О реке Пустосвятовке Севастьян пекся как о родной дочери. Вернее сказать, куда трепетней. И деревья по берегам сажал, и сор с песчаных отмелей самолично выносил, и с директором совхоза покойным Завирушиным, пьяницей и матерщинником, бегал ругаться каждую неделю. Надеялся дед, что внук после его смерти сделается хранителем реки. Есть, конечно, в Пустосвятовке водяной – как не быть – но какой с зеленоволосого спрос? Водяной только пугать умеет, по воде ладонями шлепать или неосторожных купальщиков на дно утаскивать. Но народ нынче смелый сделался, кого шлепками да утопленниками испугаешь? Подвел Роман деда, уехал в Темногорск, оставил без присмотра реку, как и мать свою родную. Как же мог водный колдун так поступить?!

Роман так явственно слышал эти упреки, что показалось ему – дед сам с ним заговорил, будто живой. А может, и в самом деле – дед?

Могила Севастьяна Кускова была в самом конце кладбища – неухоженная, отмеченная двумя сросшимися березами; из травы едва выглядывал огромный валун – какой крест некрещеному? Роман с минуту постоял, глядя на поросший мхом камень, потом достал серебряную флягу и капнул на надгробие. Будто слеза стекла по ноздреватому камню, закатилась в трещинку и пропала.

– Деда, – шепнул Роман, склоняясь к могиле. – Просьба у меня к тебе есть – поговори со мной.

Глотнул Роман воды из серебряной фляги, лег. Свернулся на могиле калачиком, положил голову на камень, как на подушку, и заснул. И стало ему грезиться, что дед заскорузлой, натруженной ладонью по волосам его гладит и приговаривает:

«Вот же глупый ты, Ромка, глупый-преглупый».

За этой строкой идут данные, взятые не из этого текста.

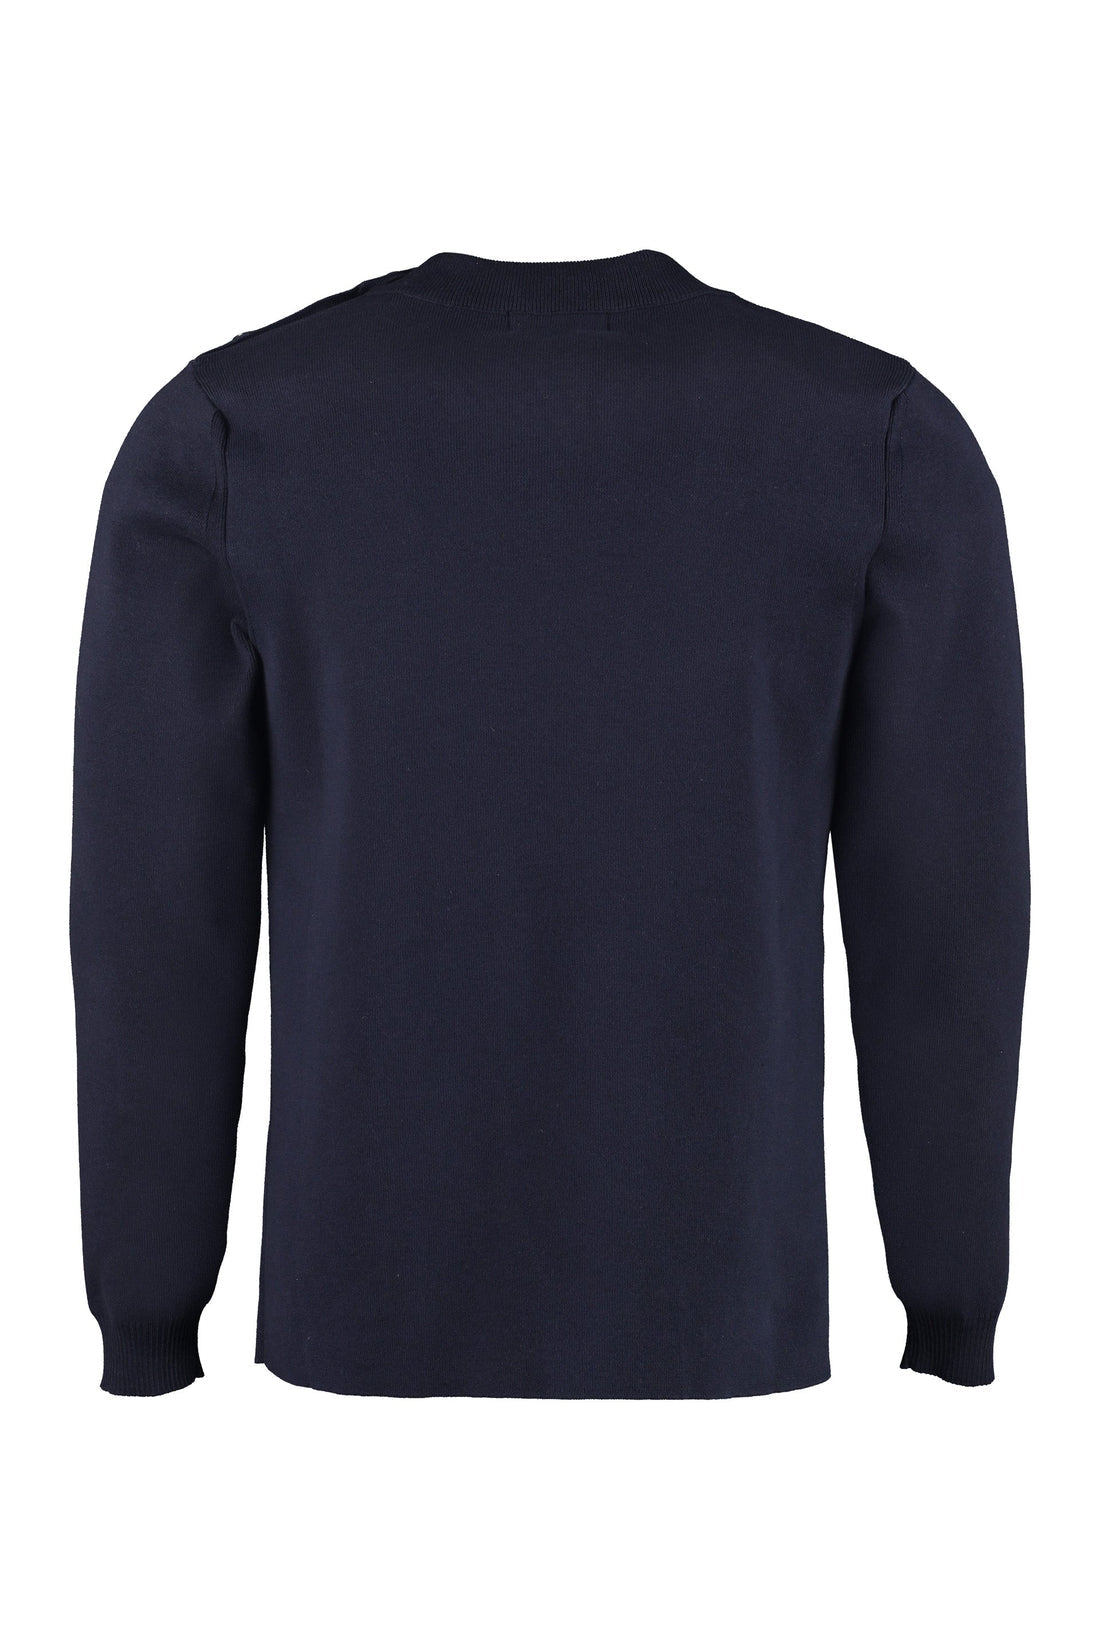 Maison Labiche-OUTLET-SALE-Cotton crew-neck sweater-ARCHIVIST

И приснился живому колдуну на могиле сон.

Будто стоят они с дедом, как в прежние времена, на мосту; весна уже, солнце ярко светит, но люди еще в зимнем ходят – холодно, Пустосвятовка только-только ото льда вскрылась. Дед из корзинки в воду пряничных лошадок кидает. Но не помогают лошадки, не всплывает водяной на зов.

– Может, помер за зиму? – спрашивает Ромка шепотом. – Подо льдом задохнулся?

– Задохнулся! – передразнивает дед. – А кто ж тогда лед поломал?

– Сам собою.

– Глупый! Само собою на свете ничего не бывает. Само собою ничто не разбивается, никто не умирает, сама собою только глупость случается. Водяной на дне сидит, притворяется, что рассержен, чтобы мы ему гостинцев нанесли. Он у нас пряничных лошадок выманивает. Неведомая сила знаешь, что больше всего любит? А? Не знаешь! Любит она боле всего, как любая сила, чтобы поклонялись ей. Не обижай реку, Ромка, никогда не обижай. Тех, кто любит тебя, никогда не обижай.

– Это несложно.

– Несложно? – Дед хмыкнул. – Это очень даже сложно. Потому что прежде всего мы обижаем тех, кто нас любит. Тебе сейчас, Ромка, все кажется несложным. Ты жизнь представляешь, как полноводную реку, судьбу свою мыслишь челноком и надеешься, что течение тебя к неведомым берегам вынесет.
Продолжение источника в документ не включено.